Women bishops – it is about religion, stupid

Does anybody else feel uneasy that the case for women bishops is championed by commentators with a wholly secular agenda and that an essential element of the argument has been deliberately left out? Too hard for our little heads to take in or too silly for words, being about religion? Nothing wrong with the secularists’ case of course. Only there’s no reason why their voices should prevail, as distinct from the great majority of church members in favour of women bishops who should of course have won. How much better to win an argument – any argument – on its own terms.
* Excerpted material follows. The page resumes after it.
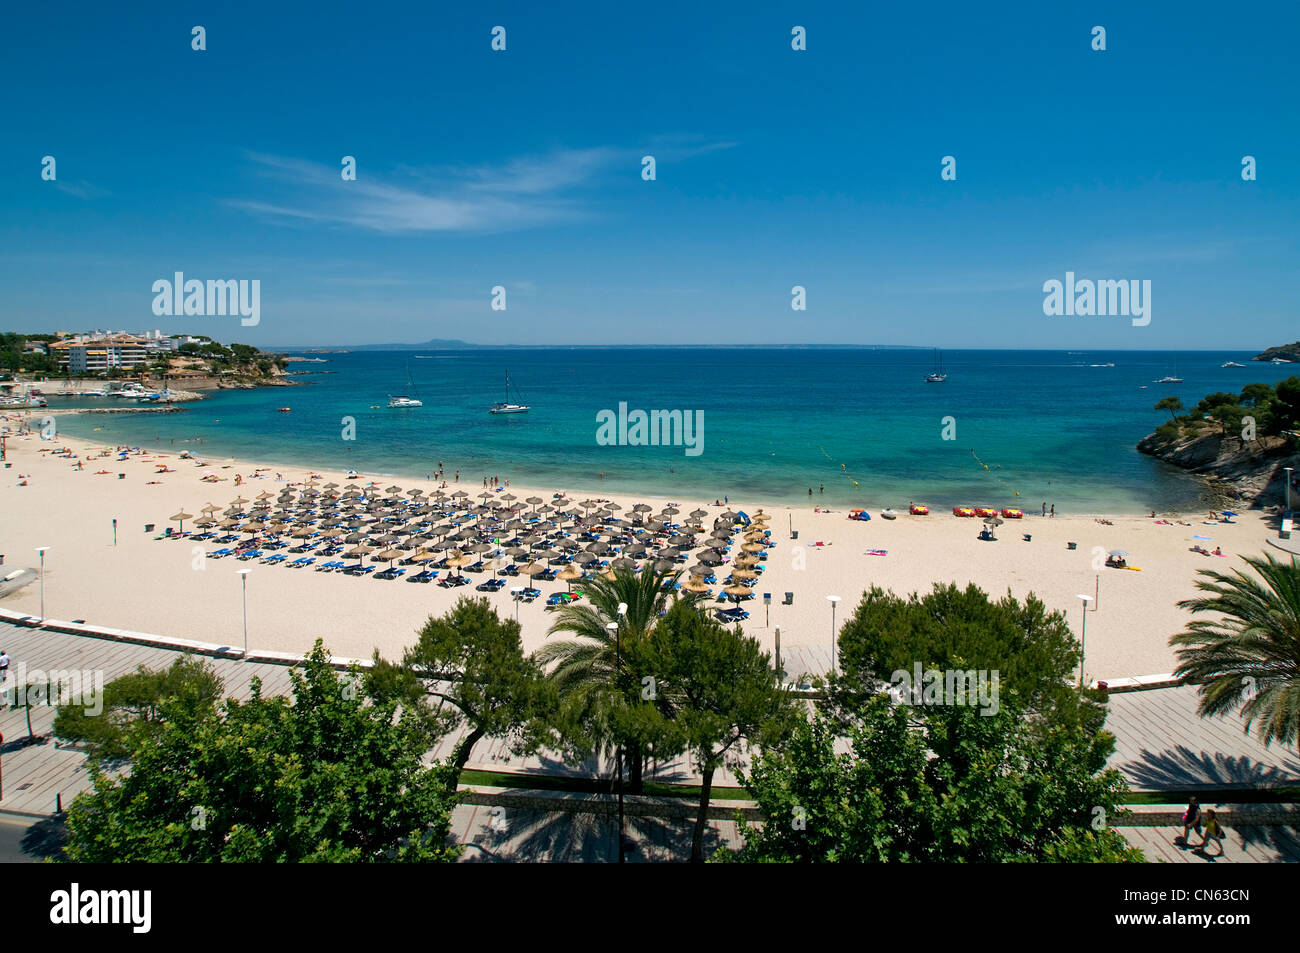 Palma Nova Beach Majorca Balearics Spain Stock Photo

The media are partly to blame of course for  representing the arguments  so much in secular terms.  So it was refreshing just for change to make the case for women bishops eventually quite differently.

If ever you wanted to read a break-out form the simplistic distinctions of Catholic v Protestant that prevail in our land, read this account in Cranmer the blog on religion that would give Jonathan Swift a run for his money –  or his Woods’ halfpence.

Anglicans are not freelance, theological pundits, but a valid part of the One Catholic and Apostolic Church….

The Church of England was never designed to be Protestant, though it has elements of that movement within it. And it was certainly not Roman Catholic, though it drew on the strengths of that denomination to manifest the Church in a visible society. Its struggle has ever been how to permit freedom of the Spirit within ancient structures: how to put new wine into old wineskins.

This is why the Archbishop of York is right when he says there will be women bishops, because Anglicanism is a communion, and in that koinonia is toleration of mutual exclusives. At the core of Anglican identity is the belief that there is more than one church that is catholic; that there are non-Roman churches that are catholic; and that the Church of England is an expression of unity, catholicity and apostolicity….
Catholicity is an aspiration, and women bishops are simply a continuation of the reformist movement which began in the 16th century. The Church of England departed not from the catholic Church, but from the errors of Rome. It was Whitgift who observed that the Church of England was ‘reformed’ not ‘transformed’ because ‘we retain whatsoever we find to be good, refuse or reform that which is evil’. Over succeeding centuries, Anglicanism has offered catholicism without Roman centralisation and authoritarianism. It has been, in England, the Catholic Church in this land, set free from subjection to the foreign King of Rome.